Sydney, Australia — “Boys will be boys” is a phrase that may no longer fly in Australia’s southernmost state, as the New South Wales (NSW) government weighs out a controversial proposal that could restrict men under the age of 21 from applying for a driver’s licence.

Reports have been emerging about a startling spike in road fatalities among Australia’s young people, with particular focus on the ratio of male to female victims in these incidents.

According to data collected by The Guardian, 48 women were killed in car accidents in NSW this year, compared to 155 men—more than triple, and tracking perfectly with the ten years of crash data collected between 2011 and 2021, which has seen that 3:1 ratio carry through the decade.

Most recently spurred on by the tragic deaths of five teenagers in a Sydney suburb at the beginning of September, Australian safety experts are calling on their government to make concrete changes to the law that prevent the riskiest youth drivers from going behind the wheel.

“The first six months of licensing, in particular, people are very vulnerable to crashes,” said president of the Australasian College of Road Safety, Ann Williamson.

“It’s not that the road authorities and the policy decision-makers aren’t aware, there are a number of restrictions on inexperienced and novice young drivers … but it’s not enough. It clearly isn’t enough.”

For Williamson, the end goal of fewer youth fatalities justifies the means of what she proposes might get to the root of this whole problem.

“Undoubtedly, some young novice drivers will be better than others. If we can identify those who perhaps are likely to be inherently more risky and limit their licensing, make that a little bit later,” said Williamson.

“Young males, perhaps they should be 21 or 22, before they get their licence. This is very controversial stuff but these are all things to think about.”

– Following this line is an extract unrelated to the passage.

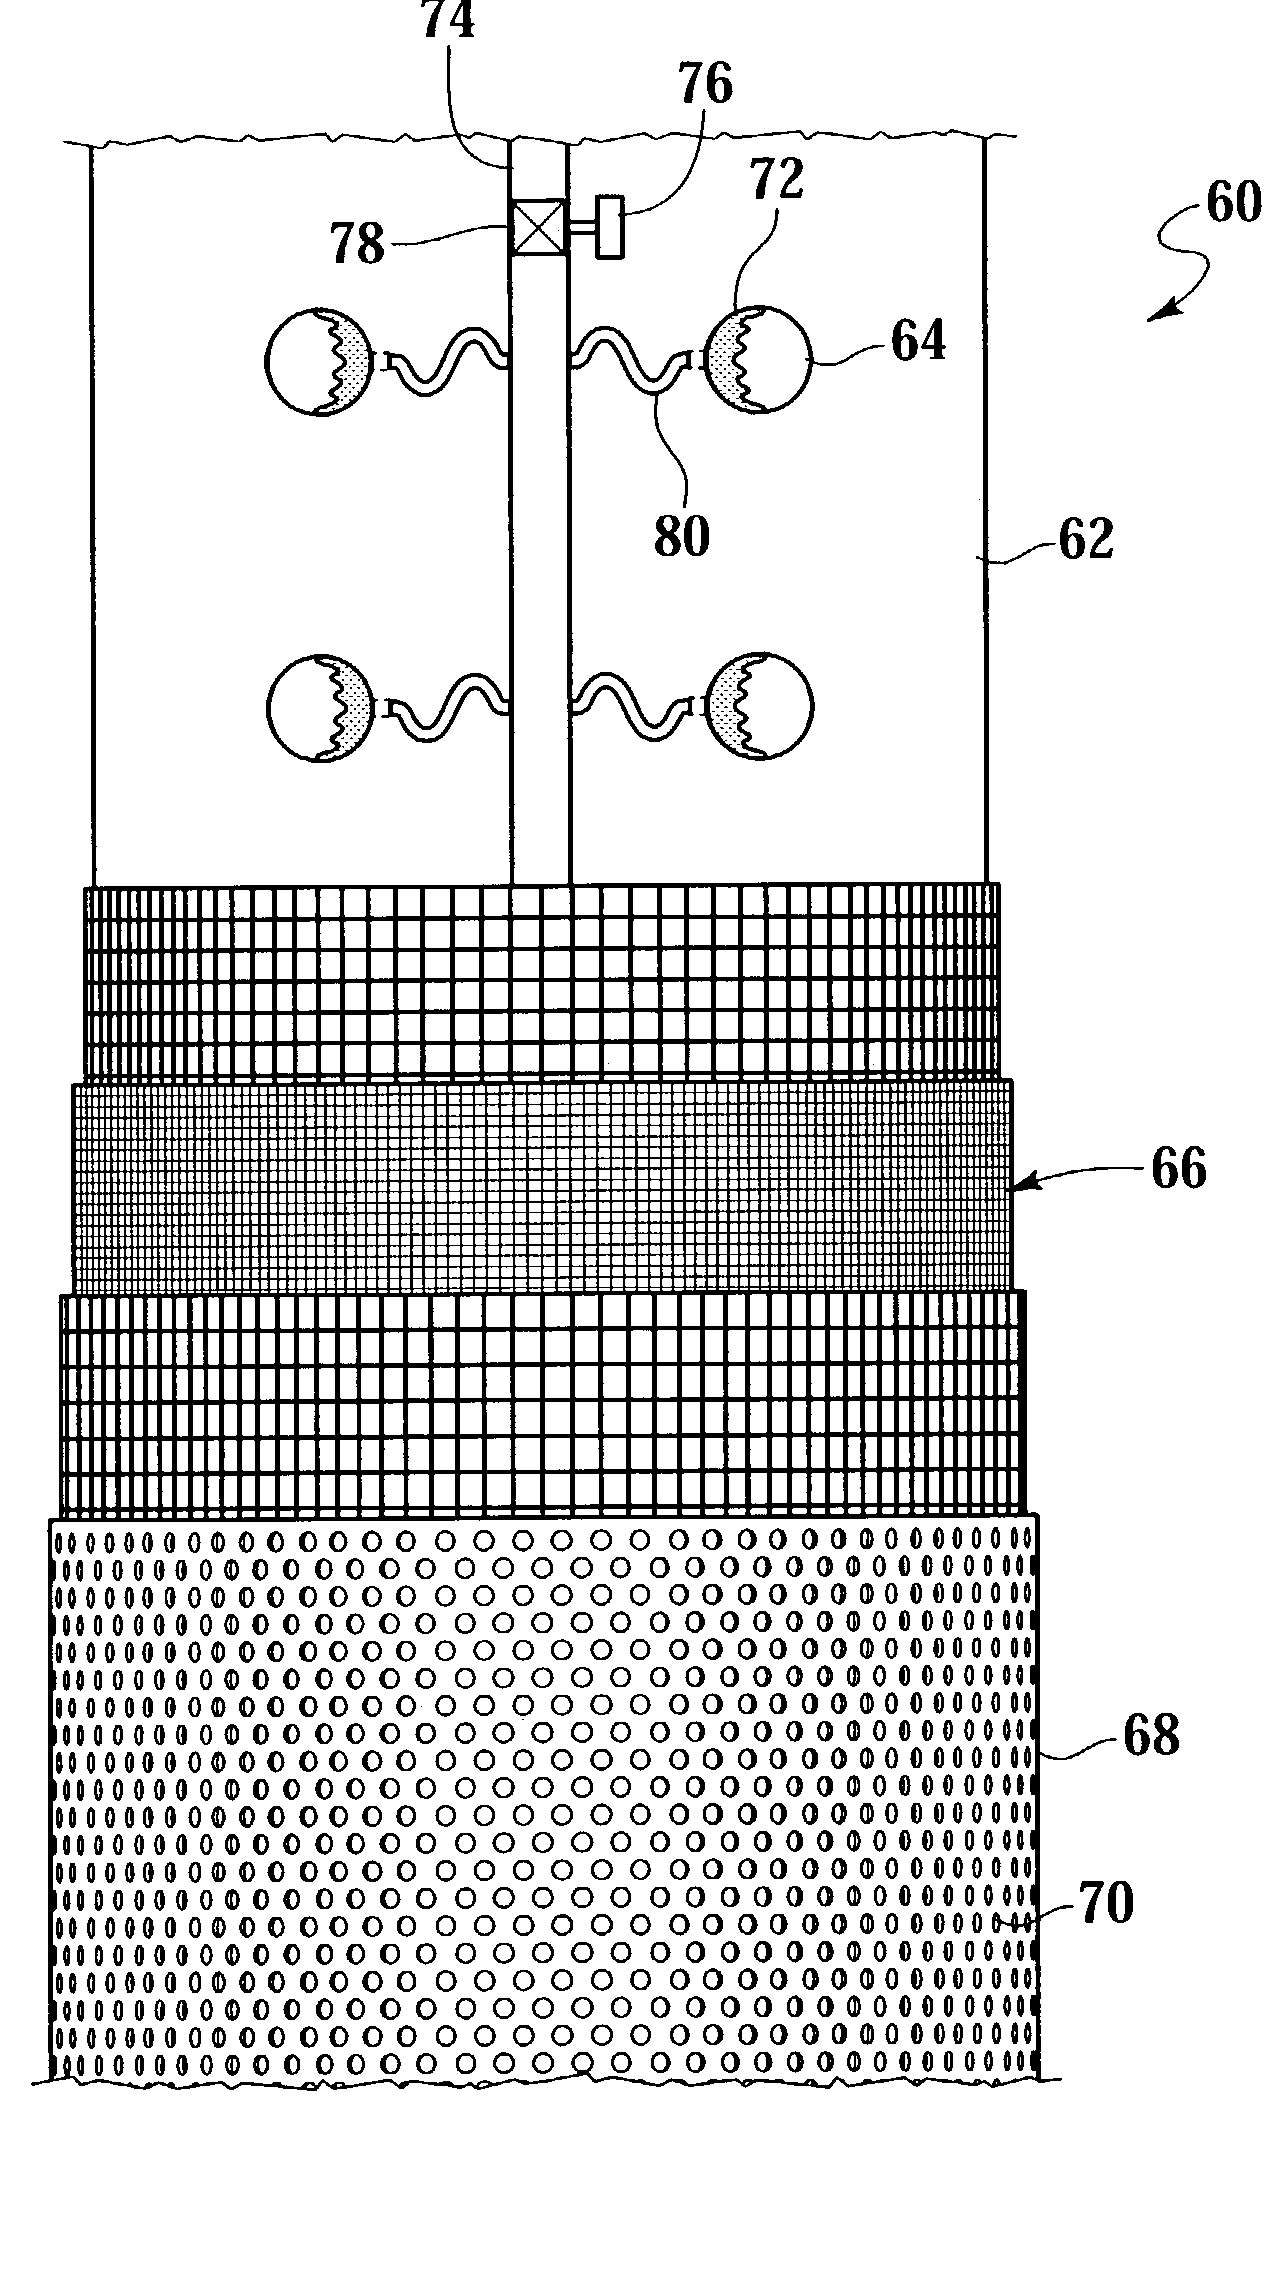 Expandable sand control screen assembly having fluid flow control capabilities and method for use of same
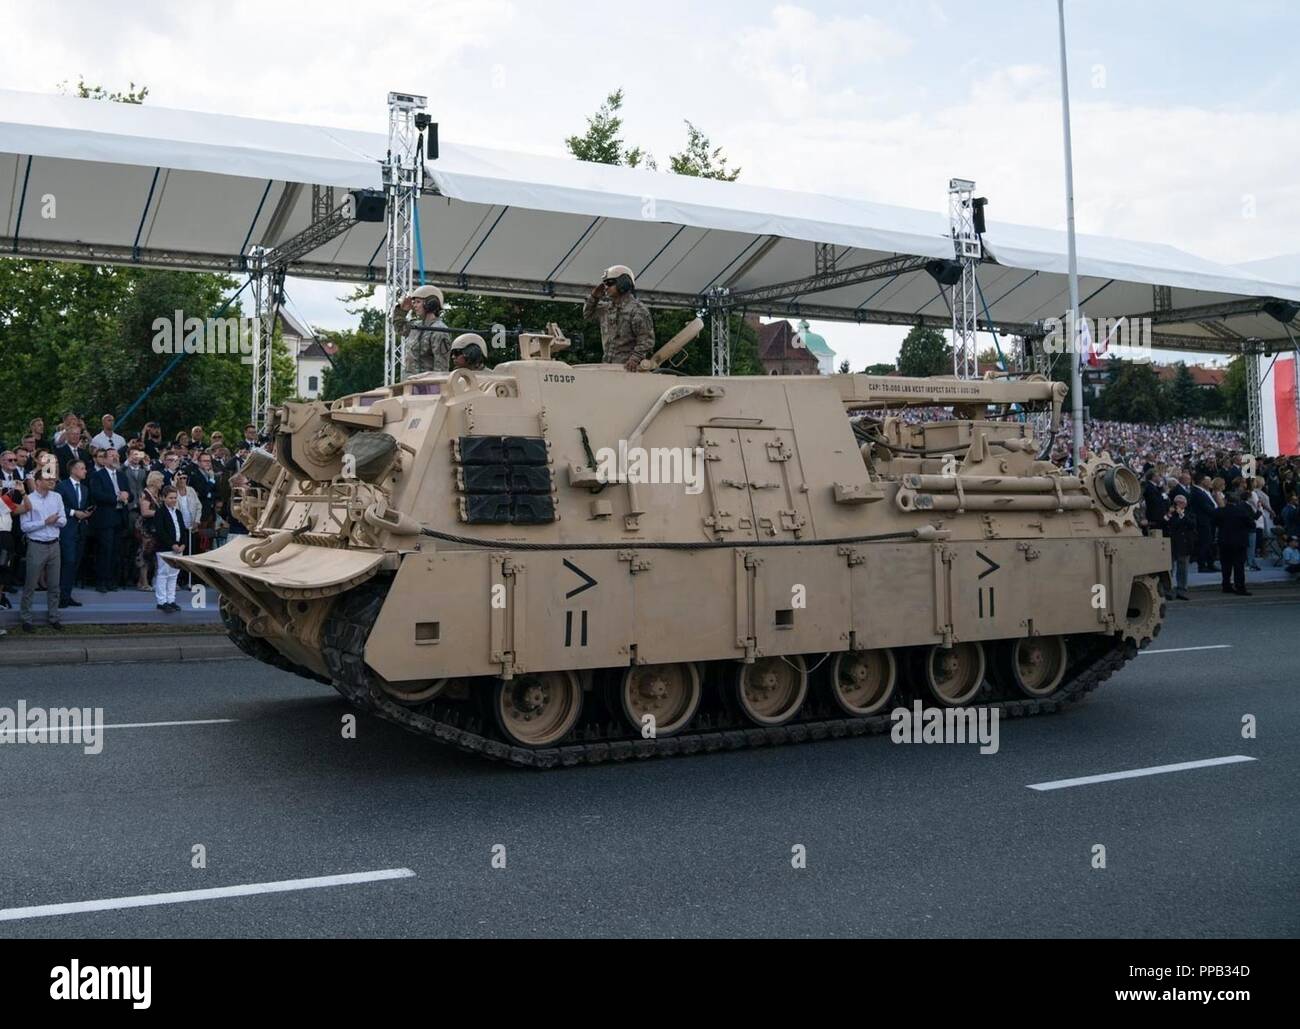 U.S. Soldiers from 1st Squadron, 7th Cavalry Regiment, 1st Armored Brigade Combat Team (1st ABCT) “Ironhorse,” 1st Cavalry Division drive an M88 Hercules heavy equipment recovery vehicle in the Polish Armed Forces Day Parade in Warsaw, Poland, Aug. 15, 2018. Over 40 Ironhorse brigade Soldiers and numerous vehicles participated in the parade. The 1st ABCT is deployed in support of Atlantic Resolve, an exercise committed to peace, security and stability in Europe. Stock Photo

Furthermore, experts on risk and injury also feel it is time to face facts and delve into the reasons behind gendered risk trends such as this.

“Men are overrepresented in injury from pretty much the time that we can crawl. It’s no different with driving and I think we’re increasingly understanding that we do need to actually start putting a gender lens on that,” said Rebecca Ivers, professor at the University of NSW and leader of a global research program focusing on the prevention and management of injury.

“They do tend to take more risks. We need to start saying ‘why is that and how do we do something about that?’”

Ivers says she would like to see communities working together at the ground level of these sorts of issues.

“There’s a system failure,” said Ivers.

“What about the laws, about the education, about the training, about campaigns? How do we get families and communities involved? As a community, we need to start taking some responsibility.”

Williamson’s proposal was met with relative disinterest from NSW premier Dominic Perrottet, who said “I really don’t believe today is the time to be talking about public policy decisions. If there are public policy decisions to be made, we will.”